**Problem statement:** Omit all pictures, then retype the data exactly as given.

**Information supplied:**
=======

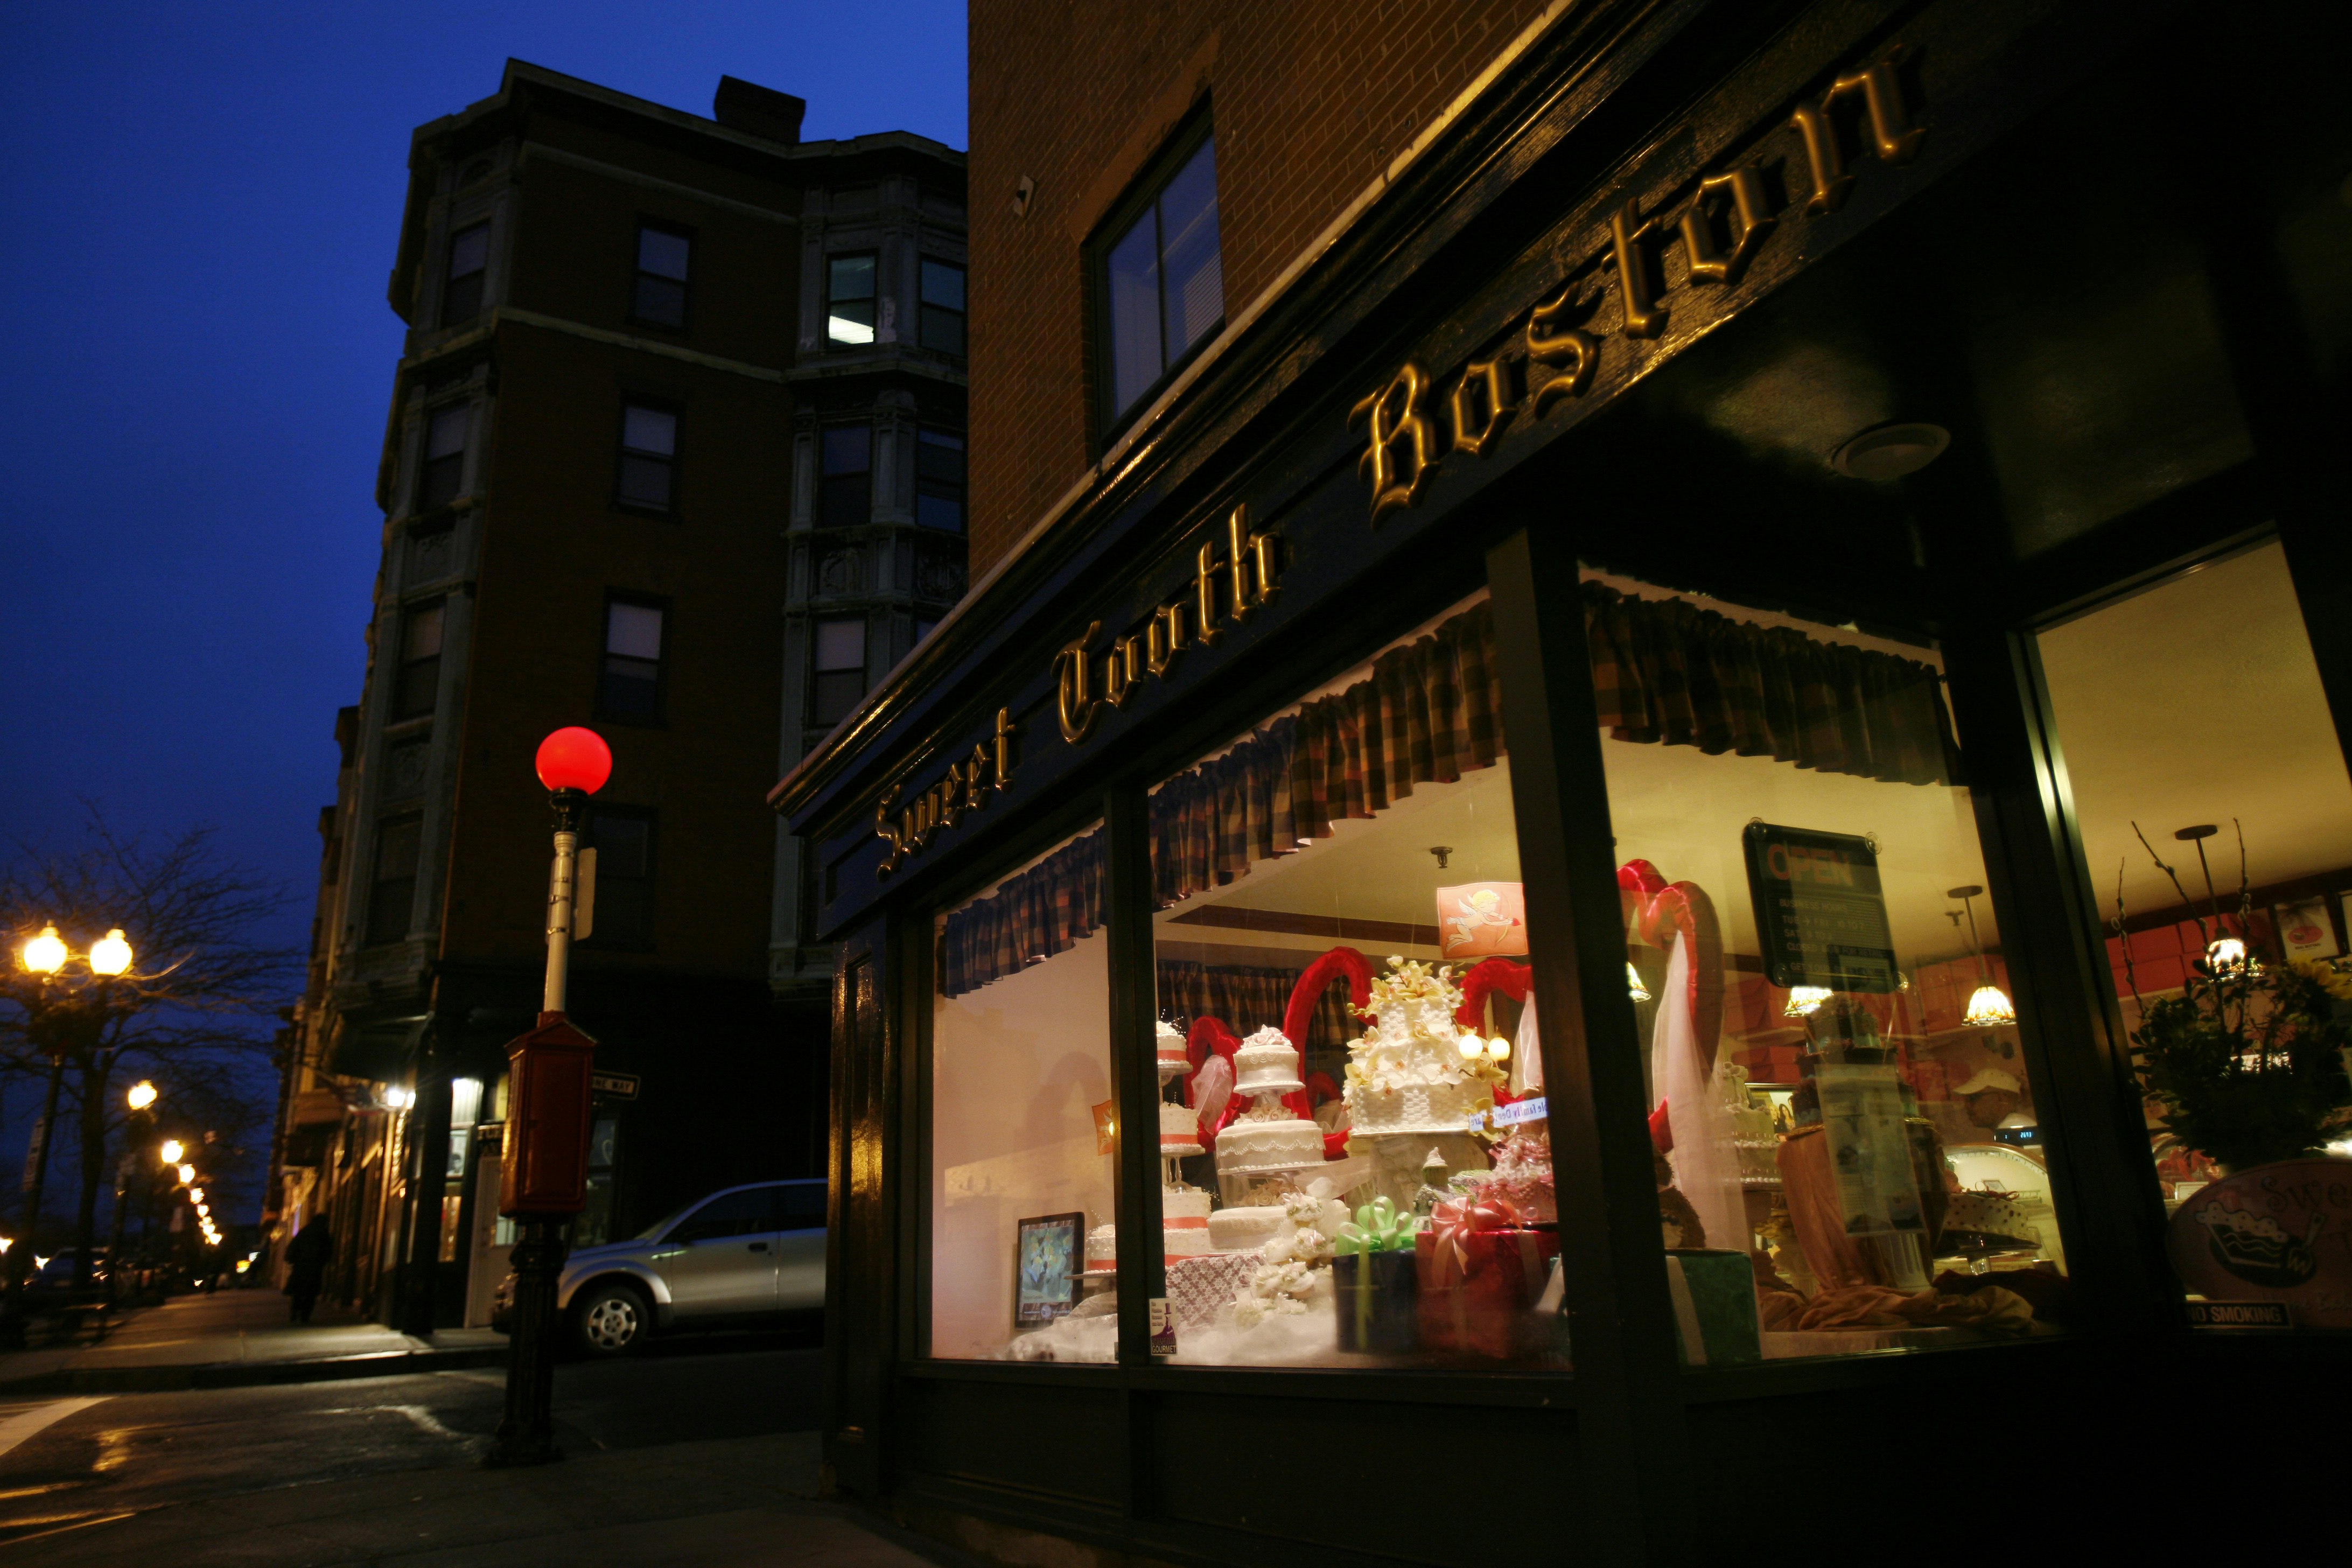 Exterior view of Sweet Tooth Boston at night. The golden letterings "Sweet Tooth Boston" catch the street lights. You can see large cakes and other decorations in the display window.
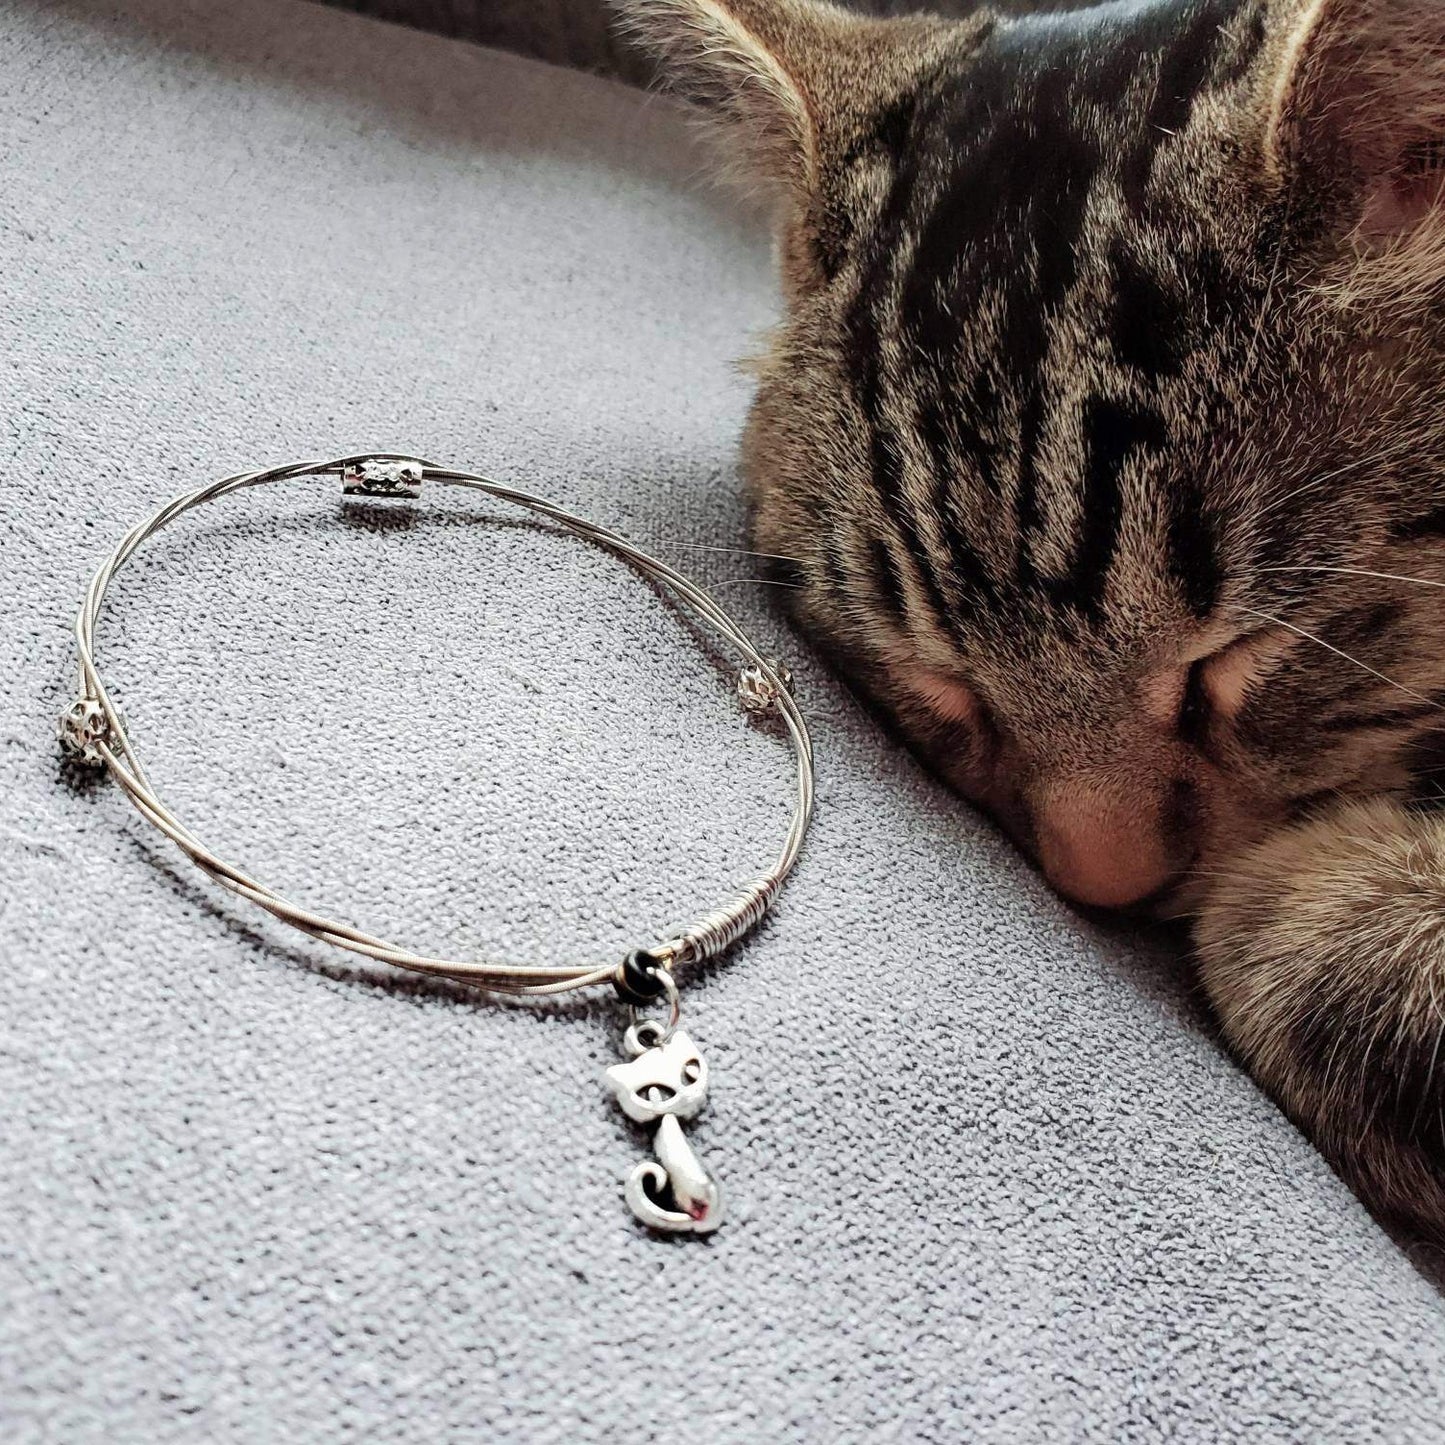 a silver coloured bangle style bracelet made from an upcycled guitar string on which a silver coloured cat shaped pendant hangs - a striped cat is sleeping next to the bracelet which sits on a grey background
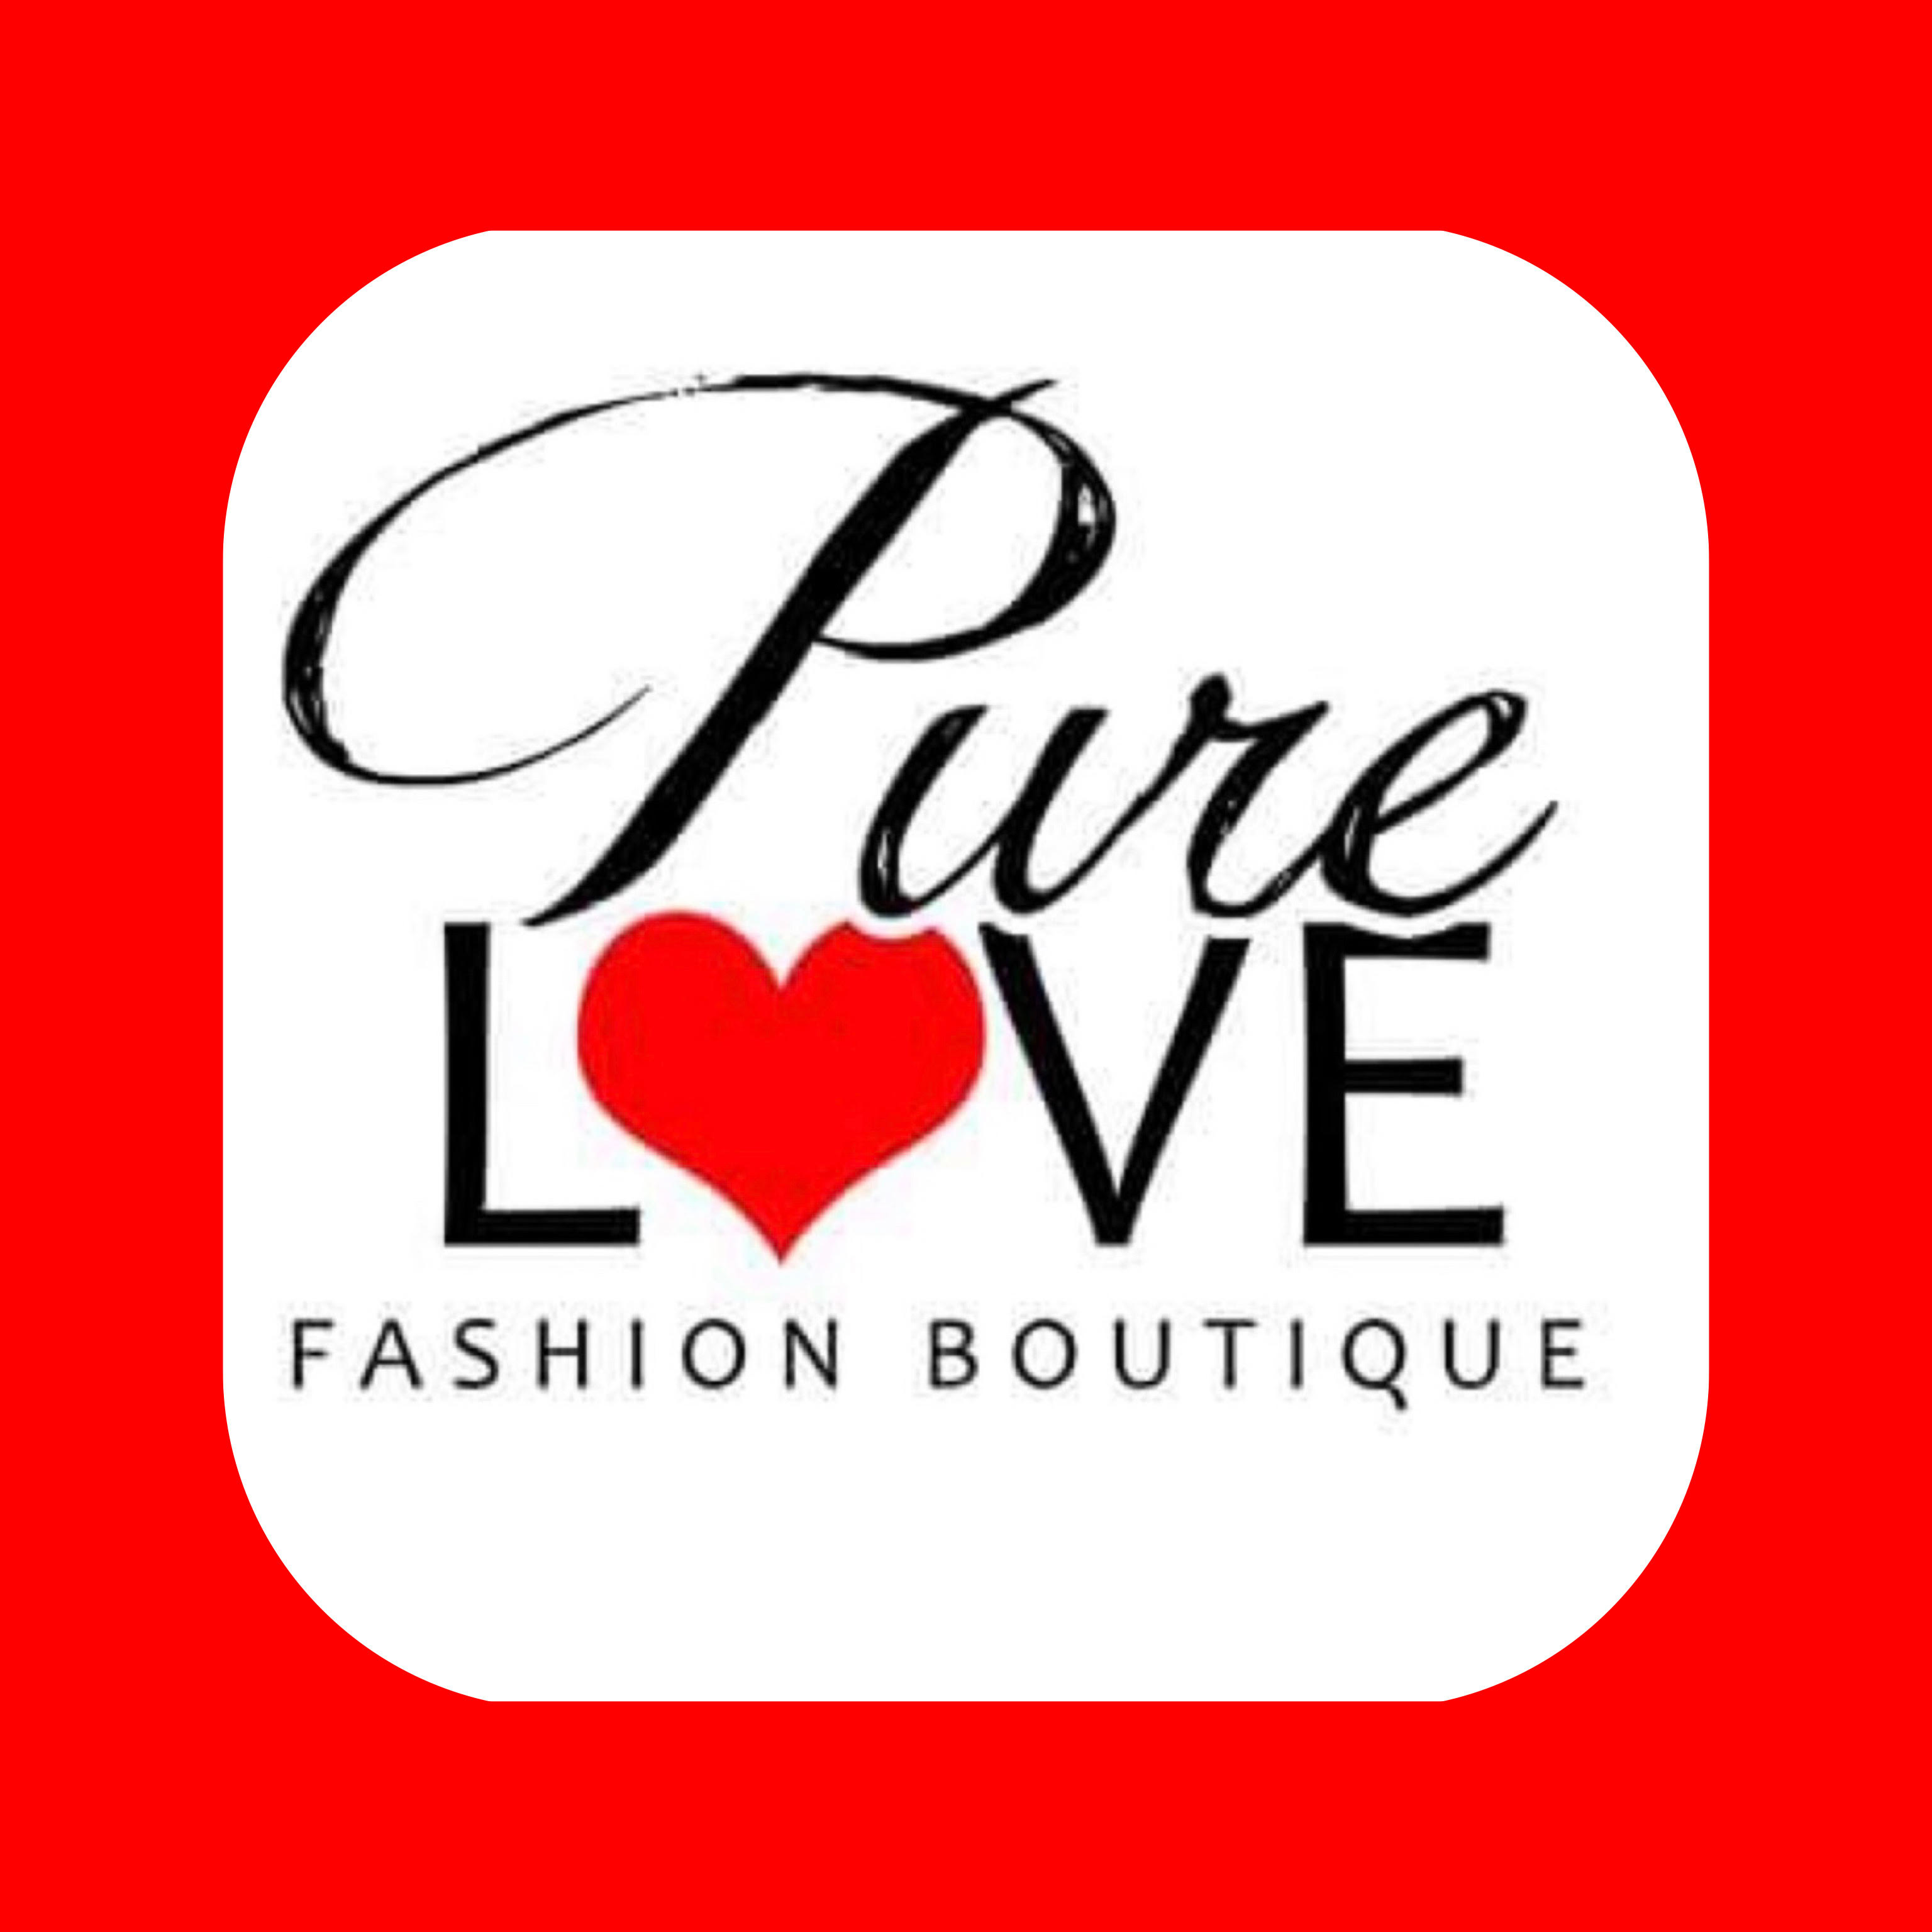 The logo or business face of "PureLove LLC"

=======

**Answer box:**
 Exterior view of Sweet Tooth Boston at night. The golden letterings "Sweet Tooth Boston" catch the street lights. You can see large cakes and other decorations in the display window.
 a silver coloured bangle style bracelet made from an upcycled guitar string on which a silver coloured cat shaped pendant hangs - a striped cat is sleeping next to the bracelet which sits on a grey background
 The logo or business face of "PureLove LLC"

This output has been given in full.